In this issue of Advances in Digestive Medicine, Chang et al¹³ aimed to investigate the chemoprevention effect of HRT on HCC risk and overall survival in women with chronic hepatitis C, and some interesting findings were disclosed after a long period of follow-up. In this retrospective population-based cohort study using data from Taiwan's National Health Insurance Research Database, 1022 patients who received HRT and 1022 matched controls were recruited, and HRT was independently associated with a reduced risk of HCC (adjusted hazard ratio 0.49). Moreover, the patient mortality rate was lower in the HRT treated group, when compared to that of the control group. However, several concerns in the study design should be considered for adjustments in the future studies. First, several important risk factors of HCC development were not included for analysis. For example, the degree of liver fibrosis, HCV virological data, and the time interval between antiviral therapy and the study index date. Second, the indication bias coming from HRT should be carefully avoided. The blood estrogen levels in matched controls who did not receive HRT, particularly in young patients, could be within the normal ranges. In other words, the blood hormone levels in patients receiving HRT could be even lower than those in the young controls. Therefore, the study design to examine the hypothesis that HRT for hormone-lacking patients might reduce HCC risk, could not be precise. Third, HCV eradication therapy has come very easy to achieve a sustained virological response in the era of direct-acting antiviral agents nowadays; therefore, the study data for most patients (>70%) who did not receive any HCV antiviral therapy, may need to be revised. In the future, the role of HRT in the prevention of HCC should be tested amongst patients who have received HCV eradication therapy. Fourth, the patient proportions of underlying comorbidities, such as coronary arterial disease, were significantly different between the two study groups. Therefore, the data regarding patient survival might not be comparable between the two study groups, and should not be only simply examined by a log-rank test. A sufficient adjustment for the baseline patient characteristics can improve the survival analysis.

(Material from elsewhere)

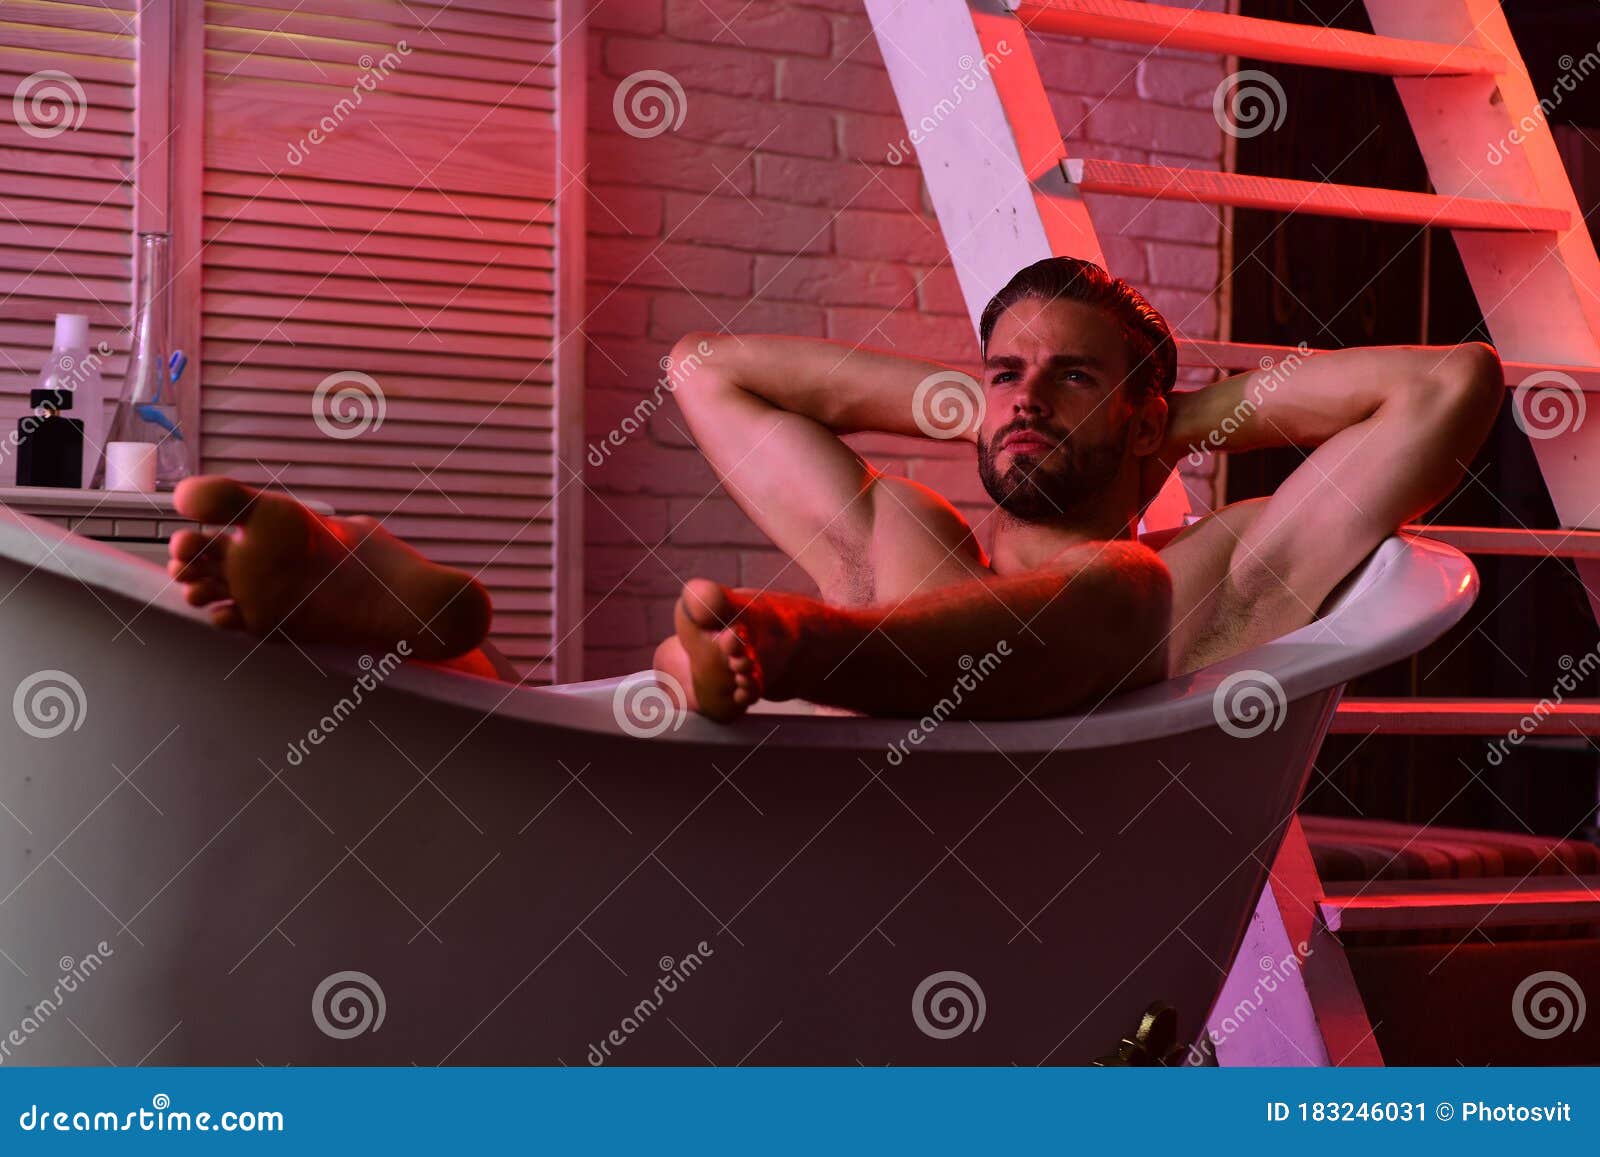 erotica concept: macho sitting in bathtub with red lights on

Last but not the least, the safety concern should be fully discussed before applying HRT in clinical practice. With the concerns of adverse effects from HRT, current guidelines only recommend HRT for symptomatic postmenopausal women.¹⁴ About three decades ago, preventive HRT was advocated for the prevention of osteoporotic fractures and coronary arterial diseases according to the results from observational studies. However, in the following years, serious harm from preventive HRT was found in high-quality randomized clinical trials, with an increased risk for severe diseases, such as breast cancer, cardiovascular diseases, and dementia.¹⁵ In the study by Chang et al, the cumulative incidence of HCC was quite high amongst HCV-infected patients, particularly in the control group. Whether the reduced HCC development rate resulted in the higher overall survival rate in the HRT-treated group should be further clarified. Although a randomized clinical trial may resolve this dilemma, it will be difficult to be conducted due to the concern of HRT-related harm. However, for patients in a special population, in which the risk of HCC-related mortality is higher than that of HRT-related mortality, a well-designed HRT trial may remain considered. Anyway, according to the current evidence, although HRT may be related to a decreased risk of HCC, other preventive ways without potential serious adverse effects should be first considered for patients without symptomatic postmenopausal disorders.

The author declares no conflict of interest.